The distributed deep forest framework is built upon the parameter server KunPeng. Based on the KunPeng architecture, the distributed version of deep forest contains three different nodes: (1) the worker nodes, which execute the heavy computing tasks; (2) the server nodes, which maintain the globally shared parameters; (3) the coordinator nodes, which coordinate the worker and server nodes, and perform job scheduling.

To efficiently deploy the deep forest algorithm, a key problem is how to do the job scheduling.

In each layer, the process of deep forest consists of the following sub-jobs: (1) data preparation process, which splits the data into different training and valid fold, since k-fold cross validation is needed to reduce the risk of over-fitting; (2) model training process, which trains different base learners based on the splitted training data; (3) prediction process, which makes prediction on the splitted valid data; (4) combination and concatenation process, which combines the result of different base learners and concatenates the prediction with the original features.

To preform the job scheduling, a normal strategy is shown in Figure 3, in which the coordinator sequentially calls the workers and servers to execute each of these processes. However, the job scheduling in this way may be very inefficient. Since the model training module needs to keep waiting until all of the data preparation work is finished, and the prediction module will not execute until all of the models are trained successfully.
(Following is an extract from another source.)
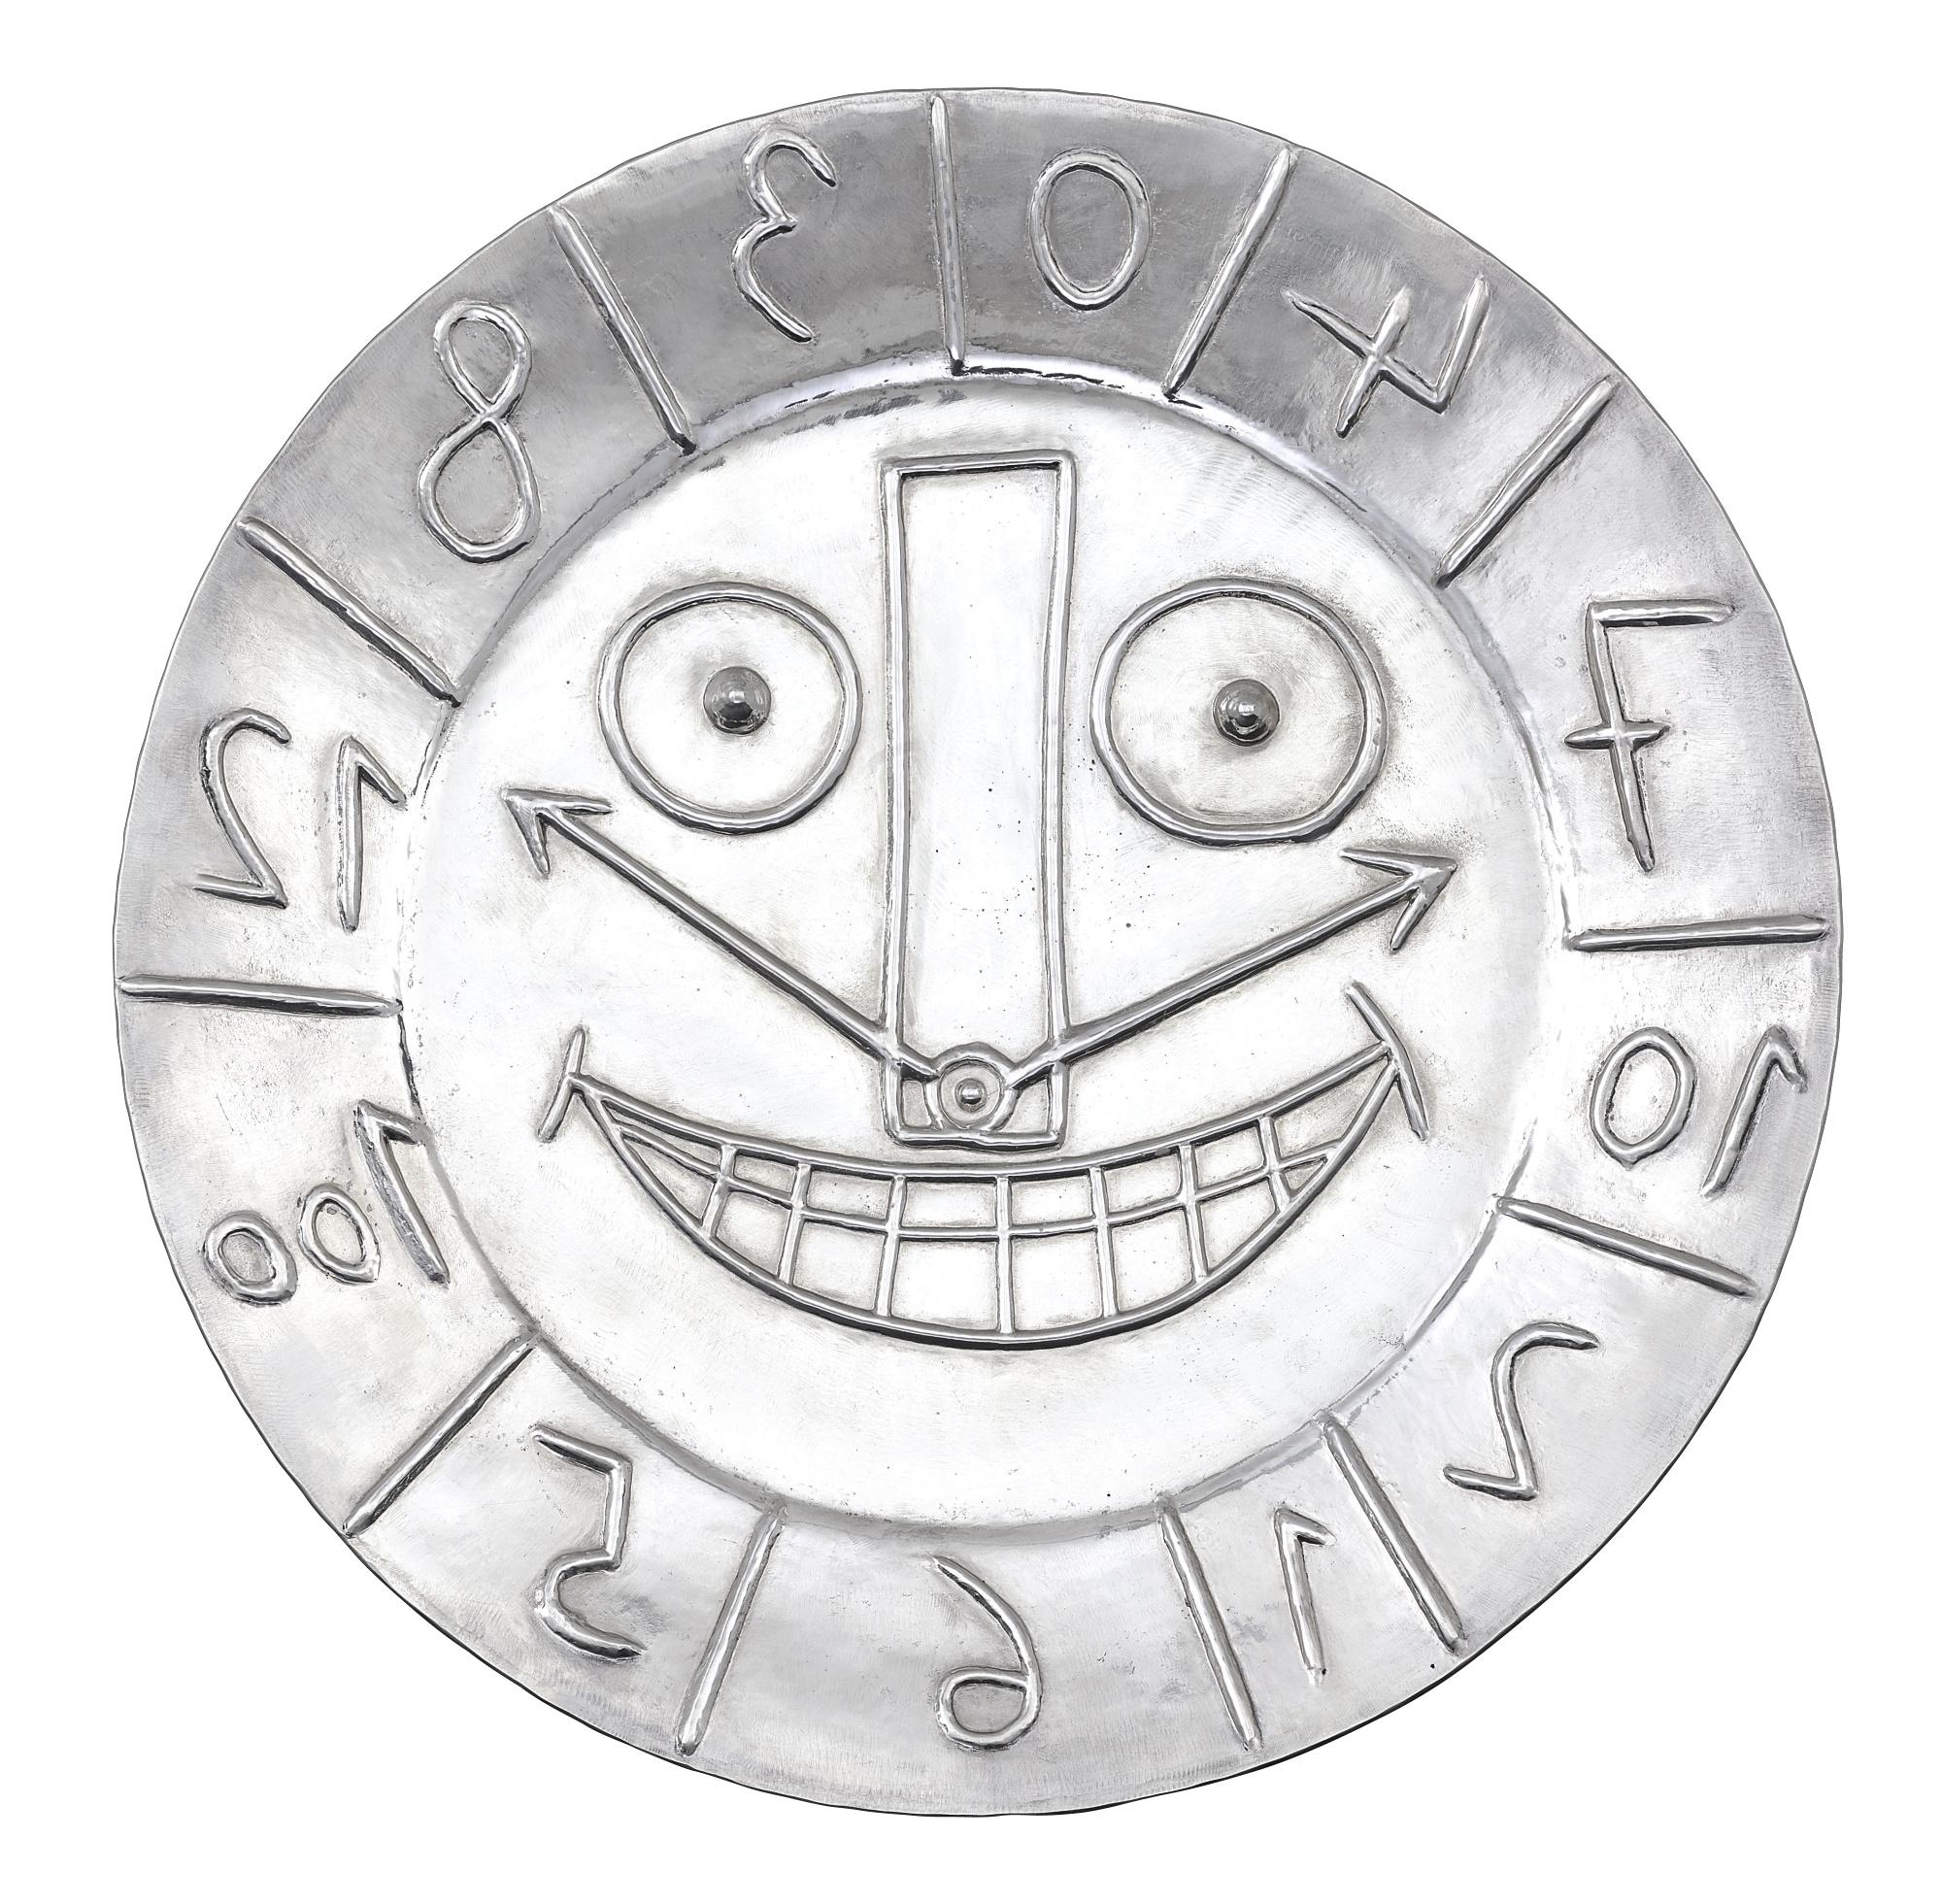 Pablo Picasso-Visage En Forme D'Horloge-1967

To perform more efficient job scheduling, we employ directed acyclic graph (DAG) thulasiraman2011graphs to handle this problem. A directed acyclic graph, is a finite directed graph with no directed cycles. As shown in Figure 4, we regard each process as a node in the graph, and only the corresponding process are connected. The pre-conditions of one node are the input of that node. Only when all the pre-conditions of one node are satisfied, that node could be executed. Each node is executed separately, which means that the failure of one node will not influence other nodes. Each node is dependent on its inputs, which means that if and only if all the pre-conditions of the node are finished, that node is allowed to execute. In this way, the waiting time will be significantly shorten, since each node only need to wait the corresponding per-nodes finishing executing. For example, once the splitting of the -fold training data is finished, the corresponding model can be called to do training, rather than waiting until all of the data are prepared. What’s more, this design provide better solution for failover. For example, if some node is crashed with some reason, since the its pre-conditions are finished successfully, we only need to rerun from this node instead running the whole algorithm from the beginning.
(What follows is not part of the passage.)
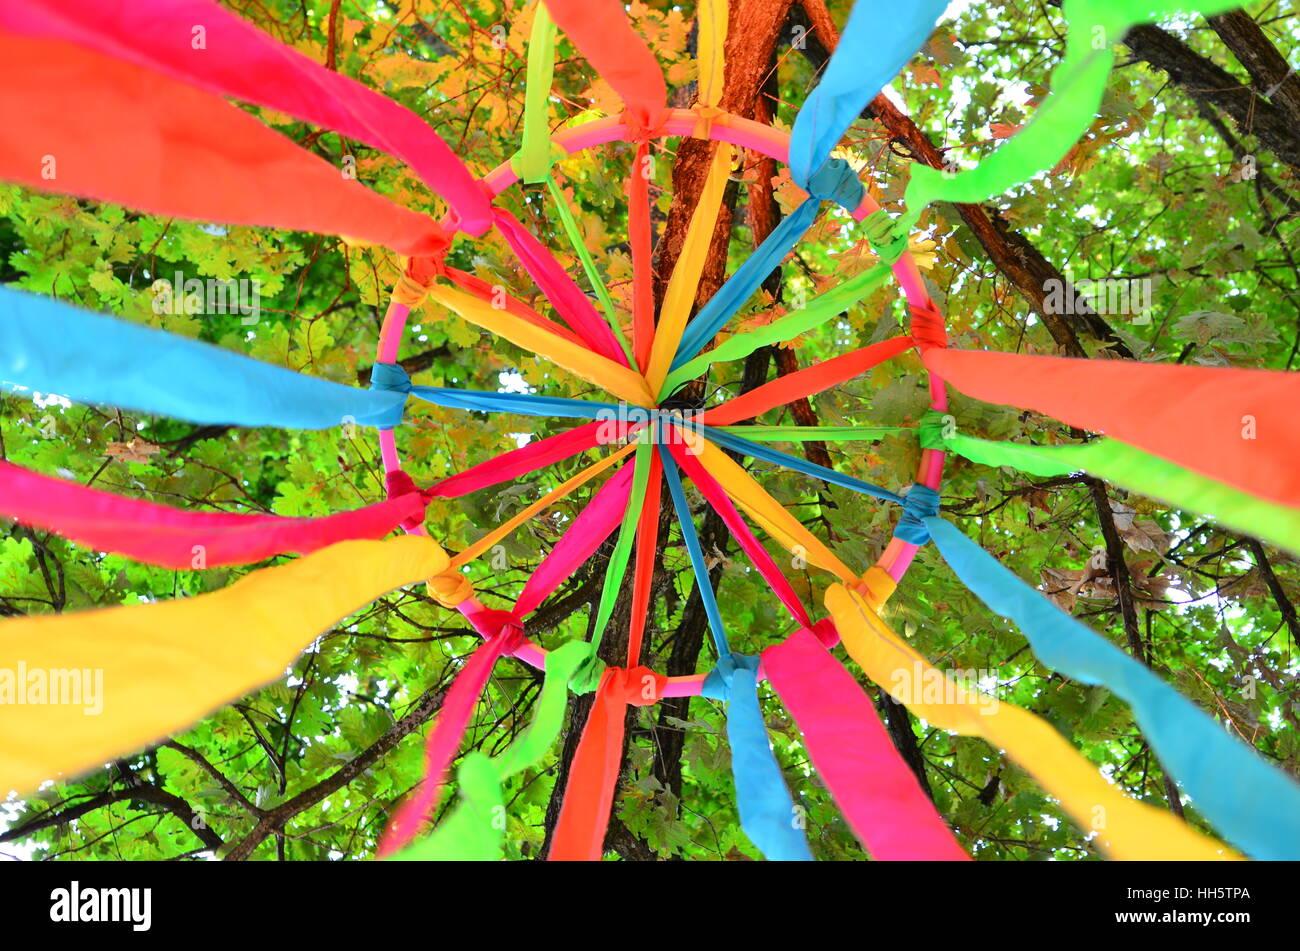 Rainbow of colors - Stock Image

2.5 Graphical User Interface

Data scientists in Ant Financial and Alibaba are facing hundreds of different machine learning tasks each day. Numerous new tasks are created and each task is different by its own nature. Therefore, how to efficiently build and evaluate a model is critical for productivity. In order to solve such problem, in Ant Financial, the Platform of Artificial Intelligence (PAI for short) 222pai.alipay.com is developed, which decouples the algorithms from different algorithm engines, for example KunPeng, MaxCompute, MPI, etc., and provides a uniform graphical user interface (GUI) for data scientists to process data, invoke multiple machine learning algorithms, create task pipeline at cloud, and so on.

Figure 5: The overall GUI of deep forest on PAI, each node represents an atomic operation.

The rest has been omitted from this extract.